INFORMATION PROVIDED: Begin

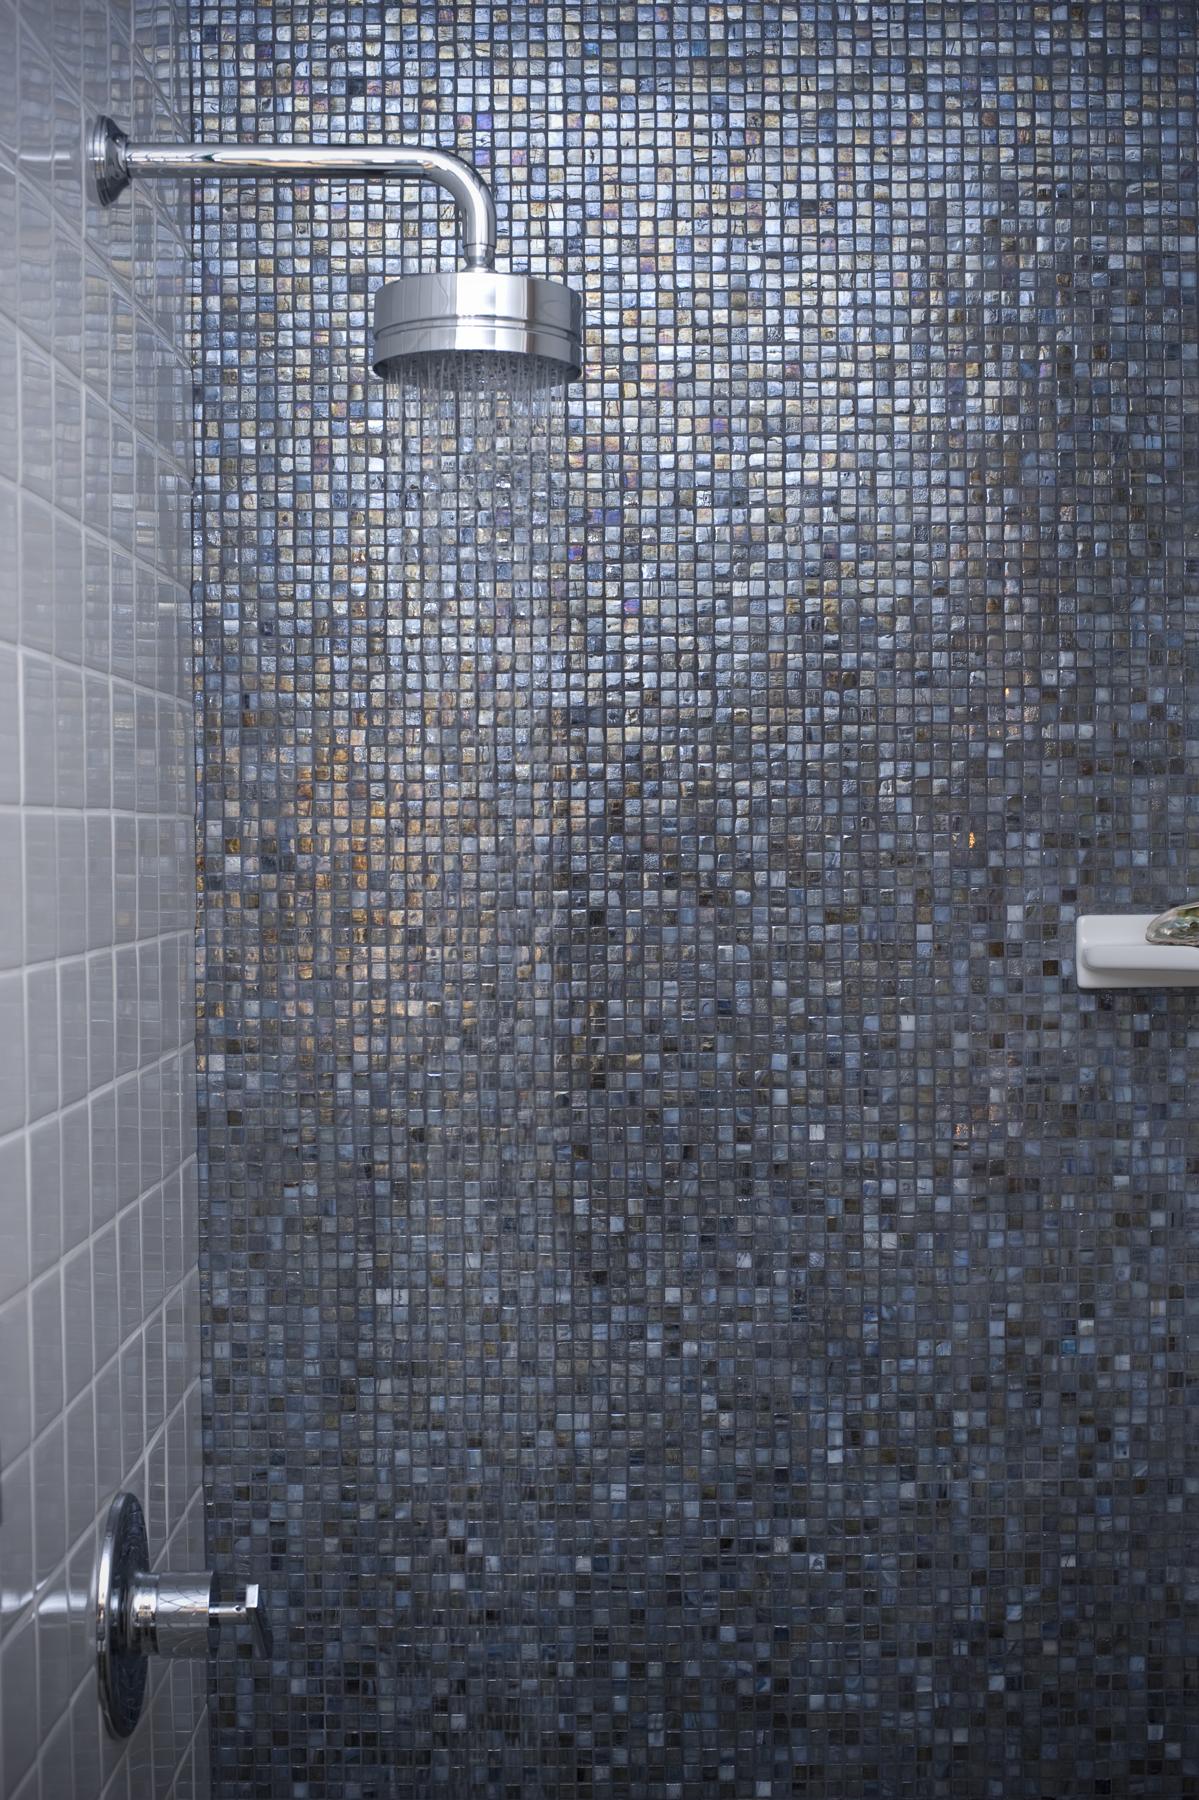 Vihara Glass Tiles Shower
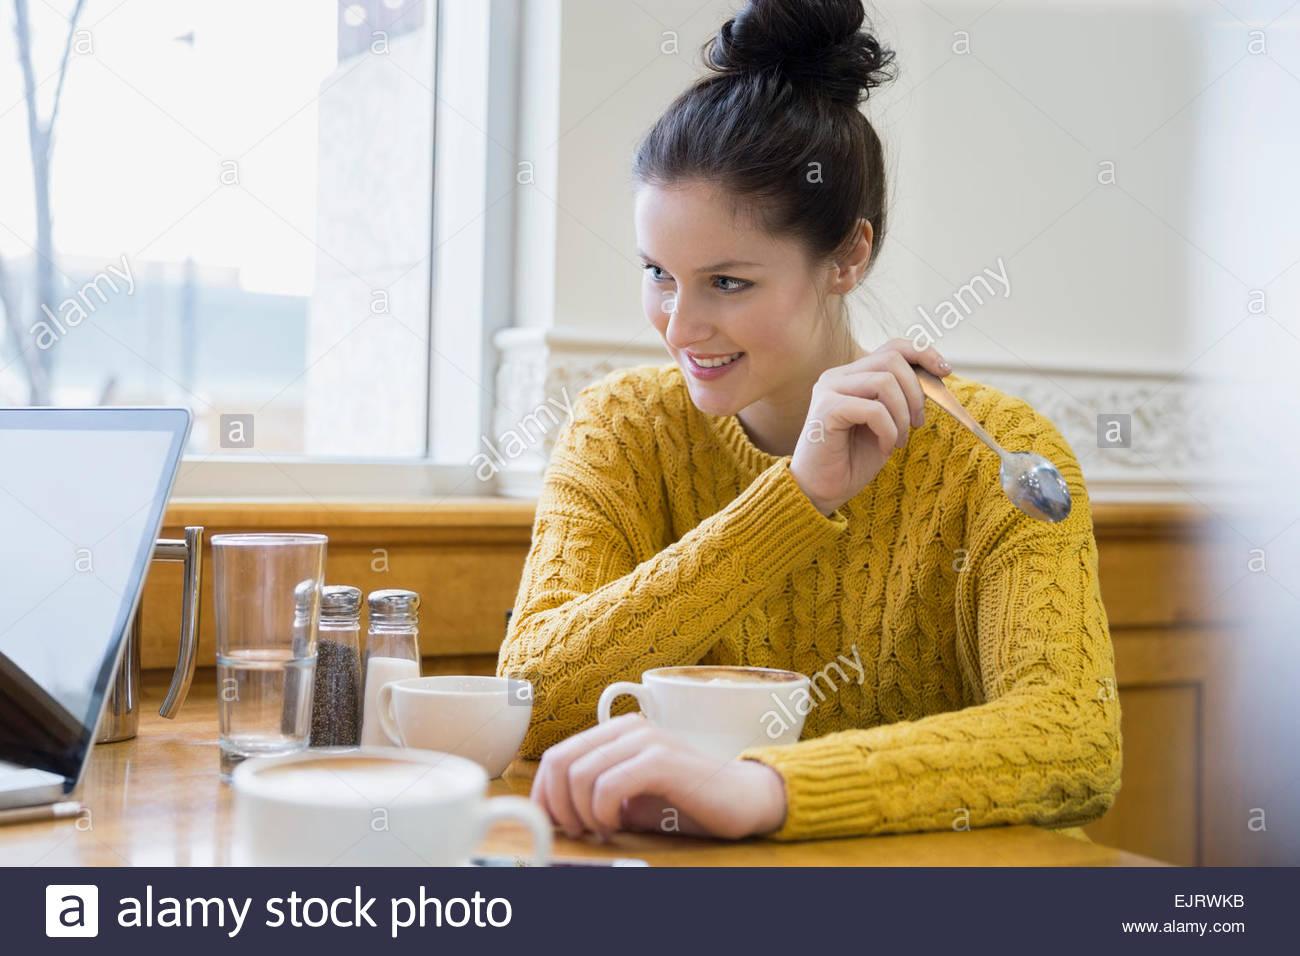 Donna sorridente bere cappuccino in cafe Immagini Stock
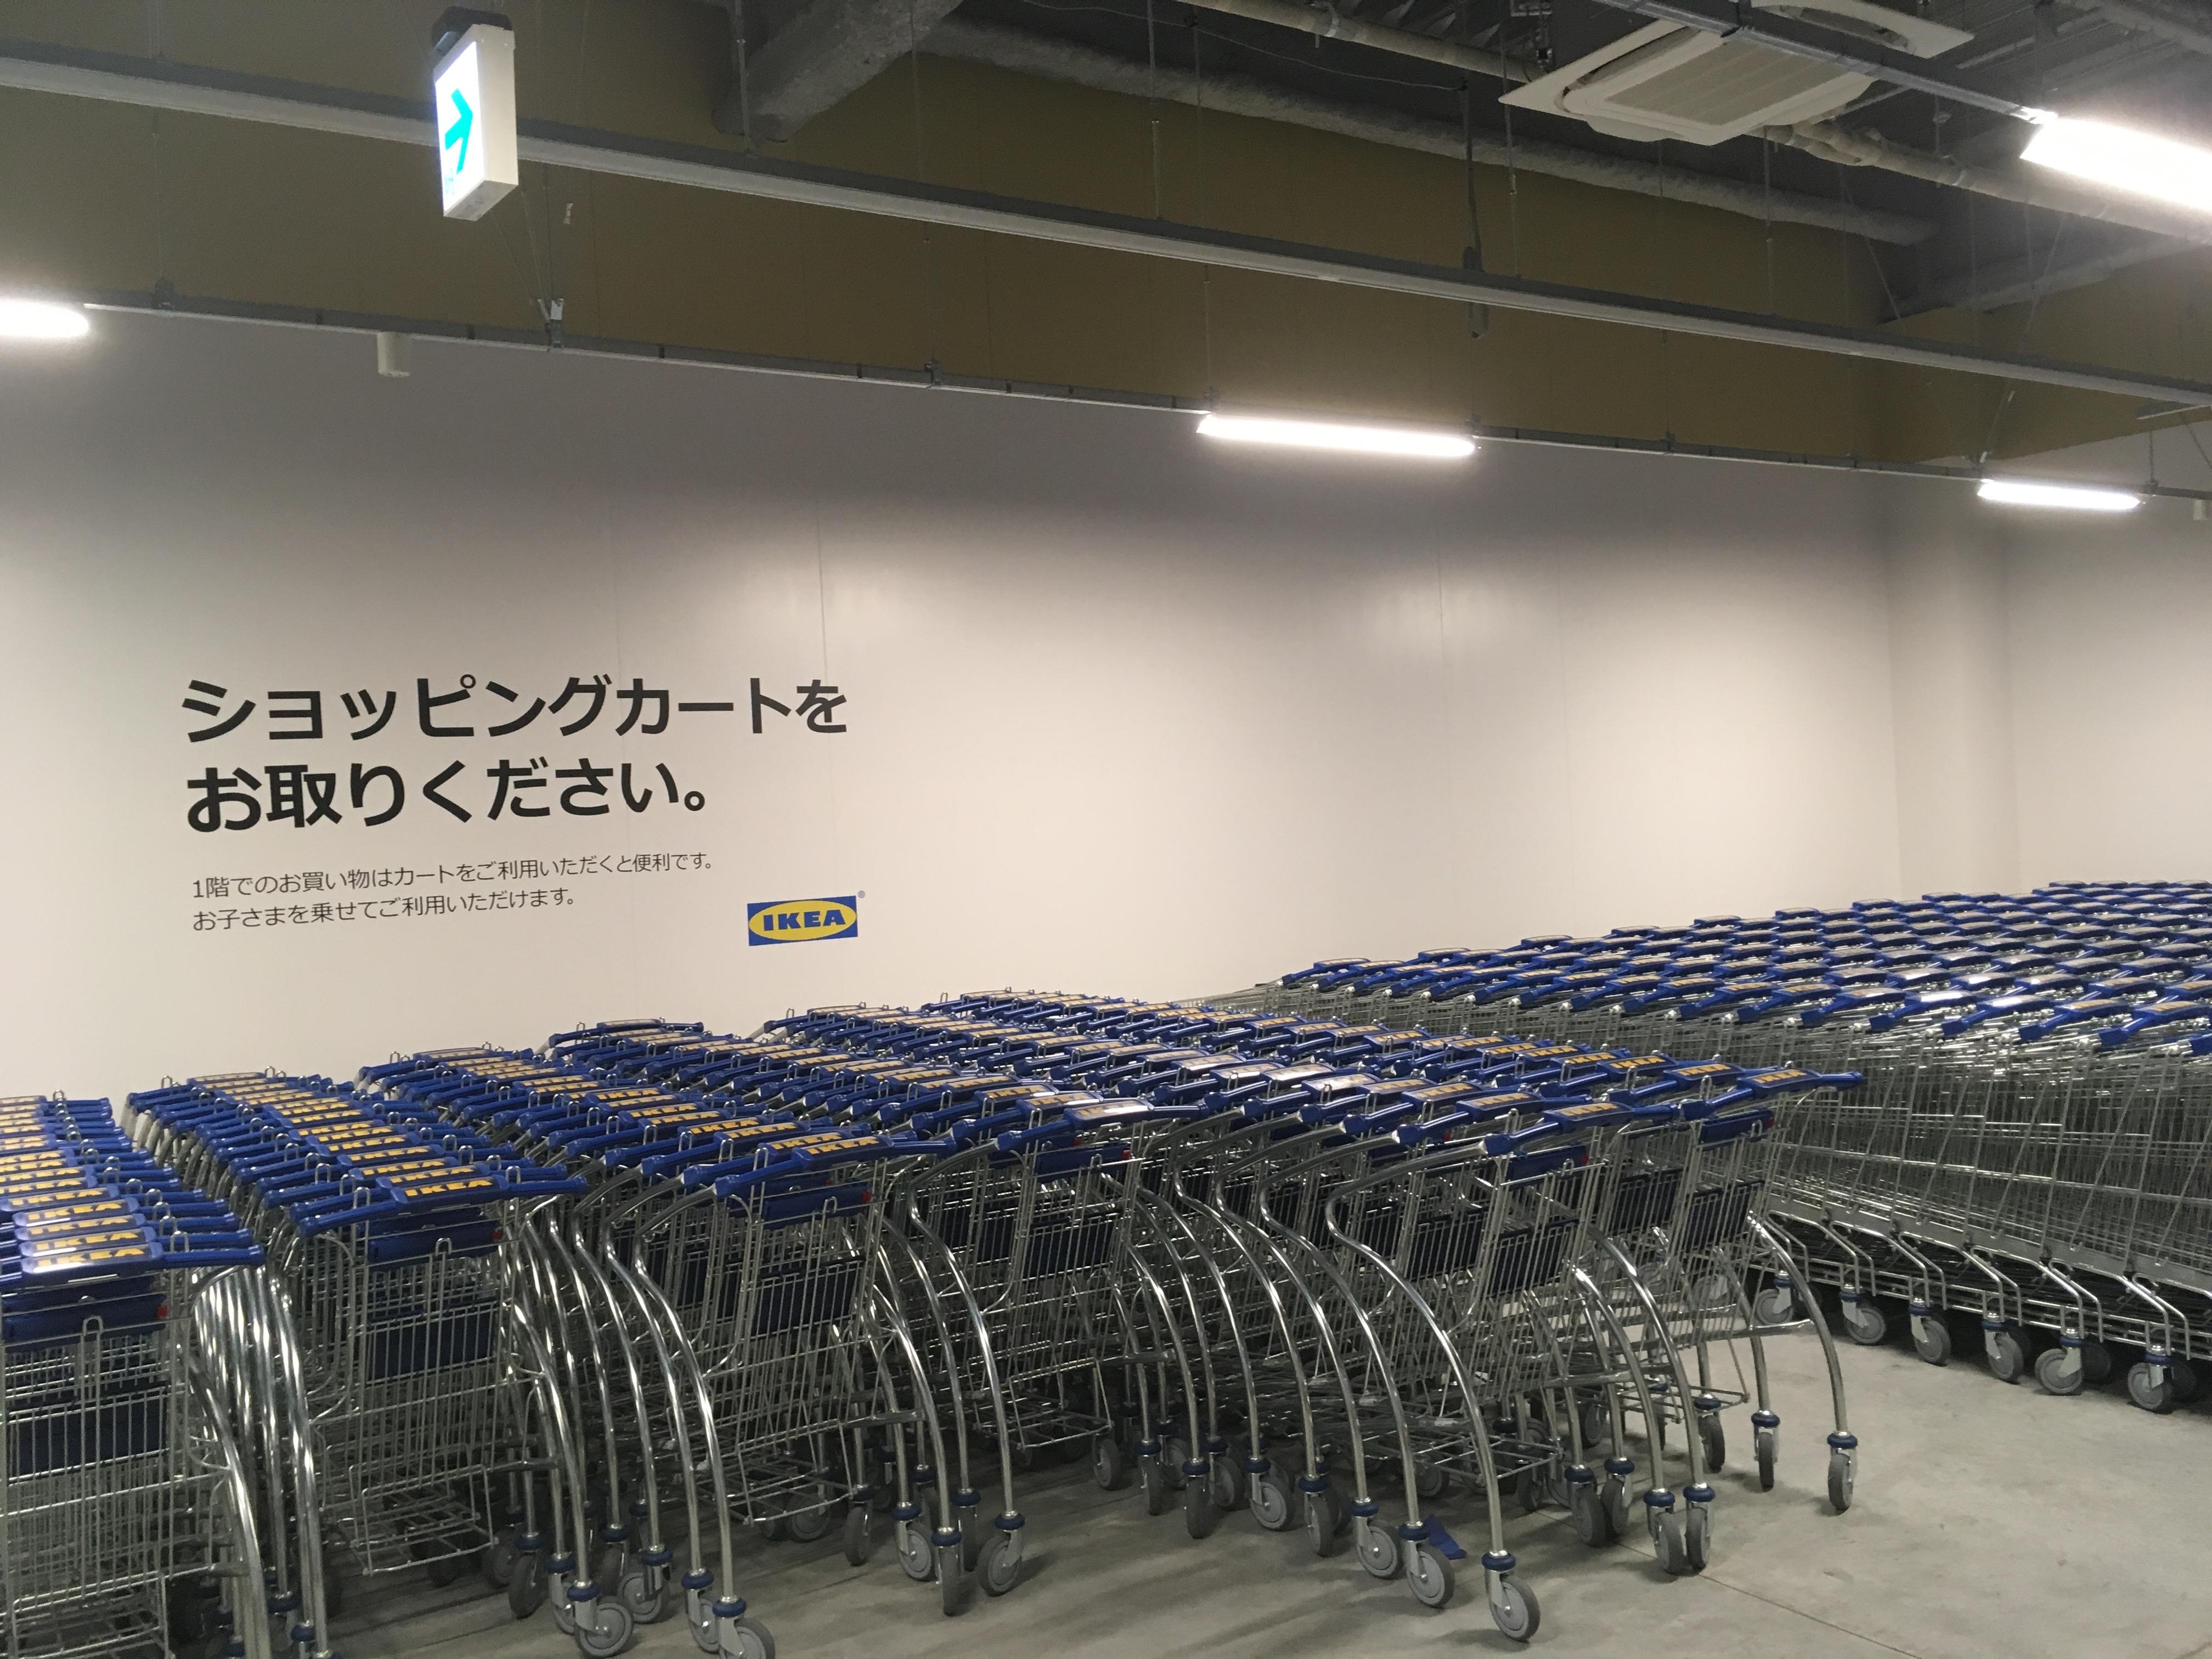 待望の東海地区初進出!ニューオープンのIKEA長久手に行ってきました! - IMG 7673

INFORMATION PROVIDED: End

Put each line of the listing above into the copy exactly, dropping the pictures.

SOLUTION -
 Vihara Glass Tiles Shower
 Donna sorridente bere cappuccino in cafe Immagini Stock
 待望の東海地区初進出!ニューオープンのIKEA長久手に行ってきました! - IMG 7673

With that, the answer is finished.